Por último, debemos ser conscientes de que la elevada temporalidad, como mal endémico de nuestro mercado de trabajo, responde a muy diversos factores relacionados con el tipo de actividad económica que se desarrolla en España, con el tejido productivo, pero también –y no es una cuestión menor– una (mala) cultura empresarial que recurre de manera intensiva y en muchos casos injustificada a la contratación temporal, y frente a la cual los poderes públicos se limitan a articular respuestas excesivamente leves que apenas consiguen mitigar el problema.

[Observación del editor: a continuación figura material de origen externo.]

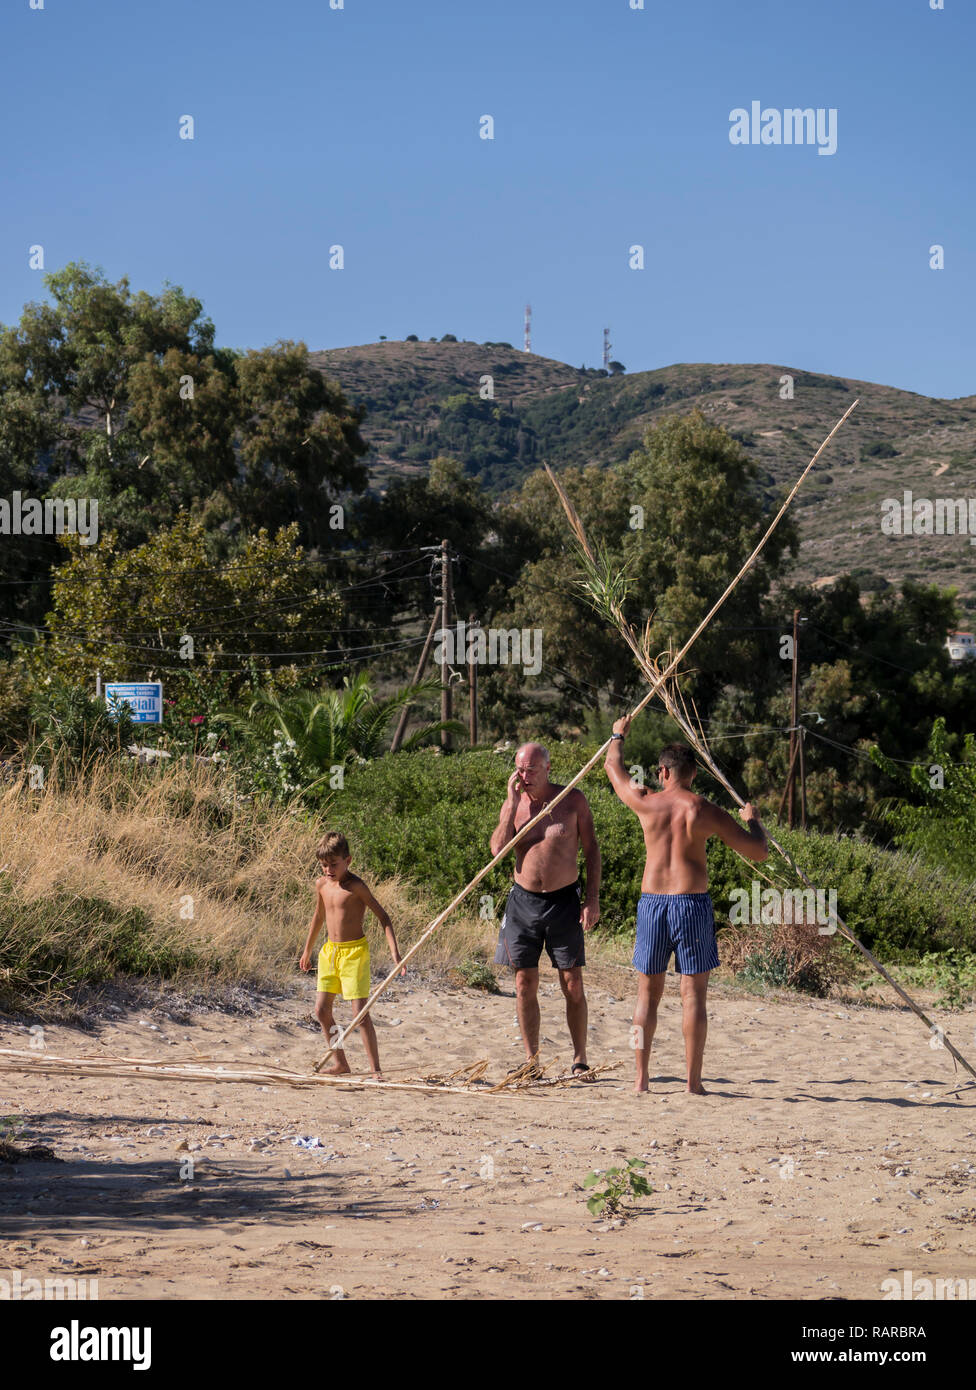 Male family group building a wigwam on the beach Stock Photo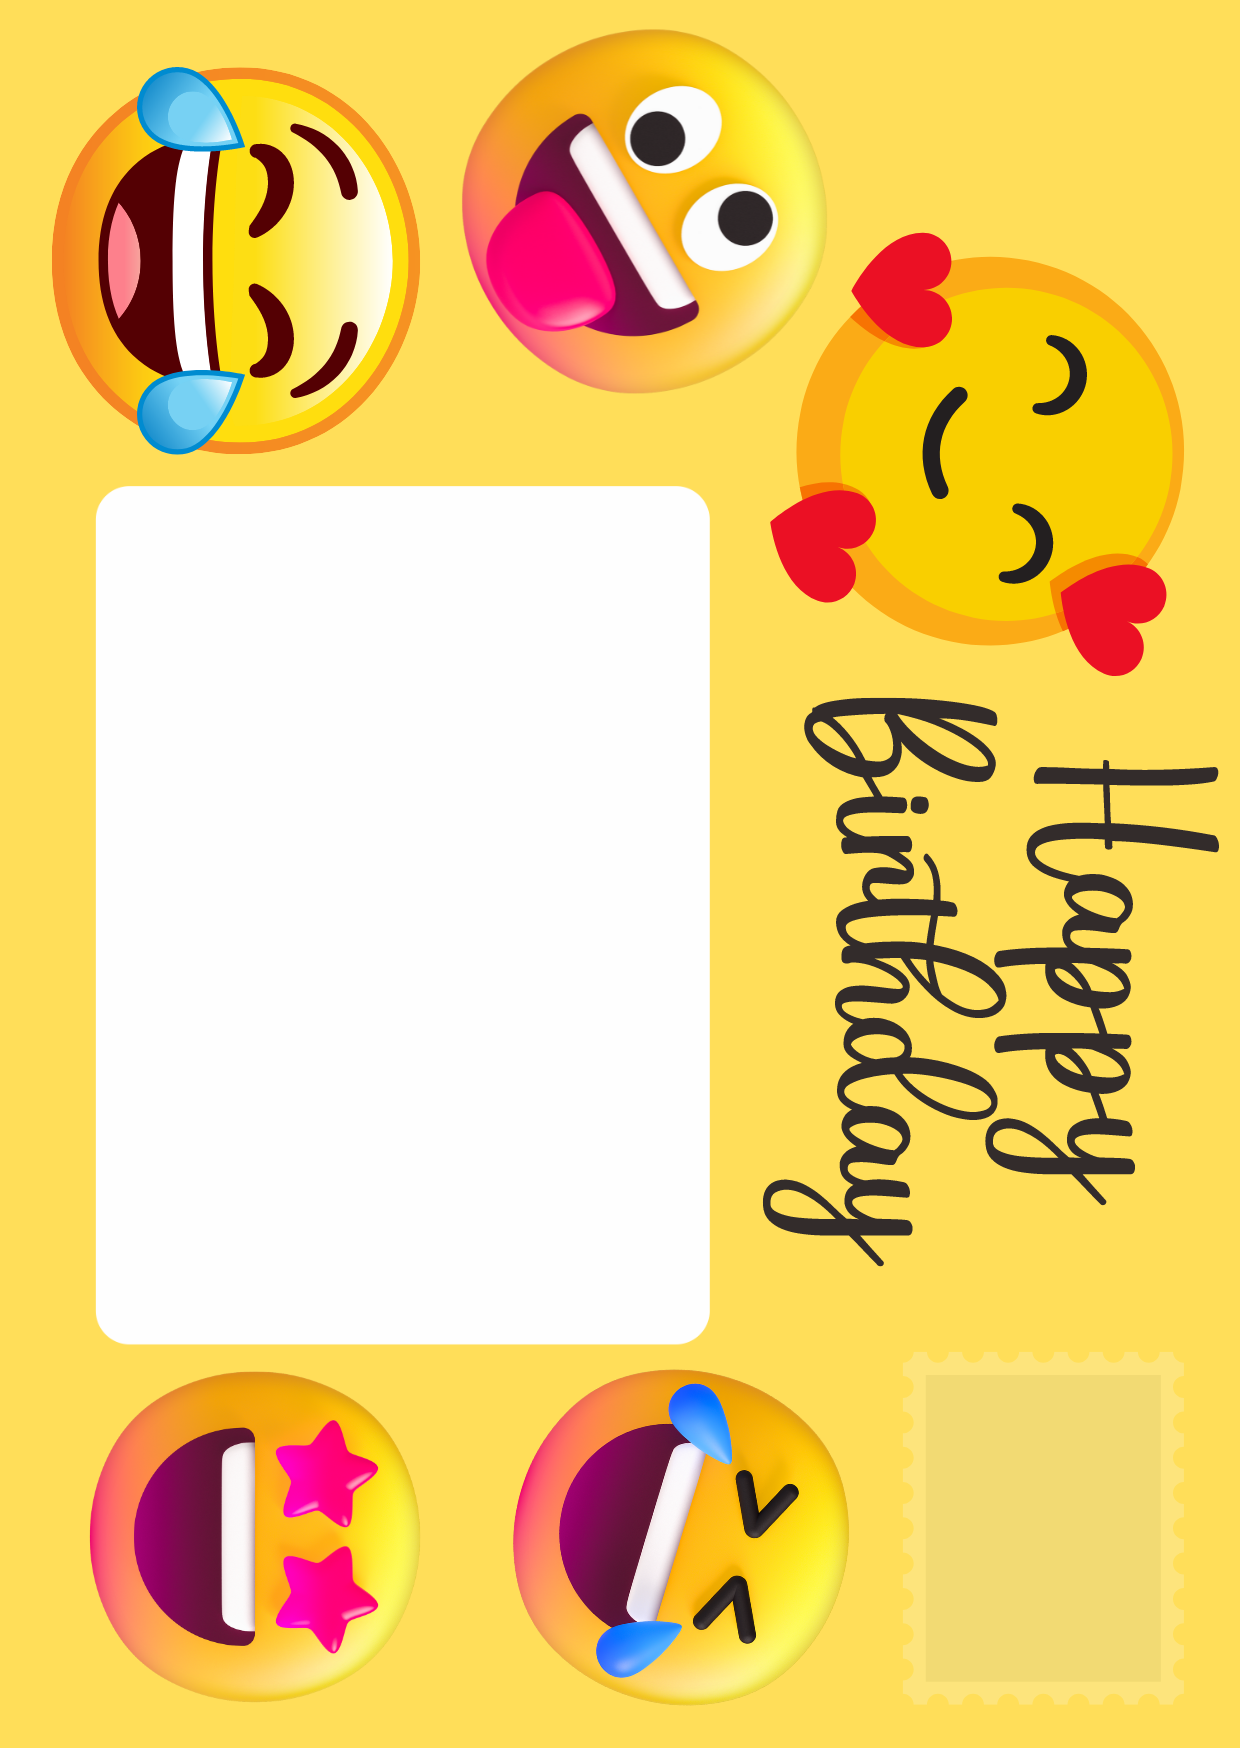 Image shows front of posting pages with yellow background and positive emojis. There is a white rectangle space for address and marker for stamp. Message reads Happy Birthday

Frente a ello hay que subrayar que el tipo de causa que sustenta el contrato de trabajo es clave para el equilibrio de la relación laboral. Y en este sentido la estabilidad3en el empleo del trabajador, derivado del reconocimiento del derecho al trabajo en el artículo 35.1 CE4, se presenta como un principio rector, vertebrador, del ordenamiento jurídico–laboral propio de un Estado social y democrático de derecho y que como tal constituye un presupuesto básico para el efectivo ejercicio de los derechos laborales durante la vigencia del contrato.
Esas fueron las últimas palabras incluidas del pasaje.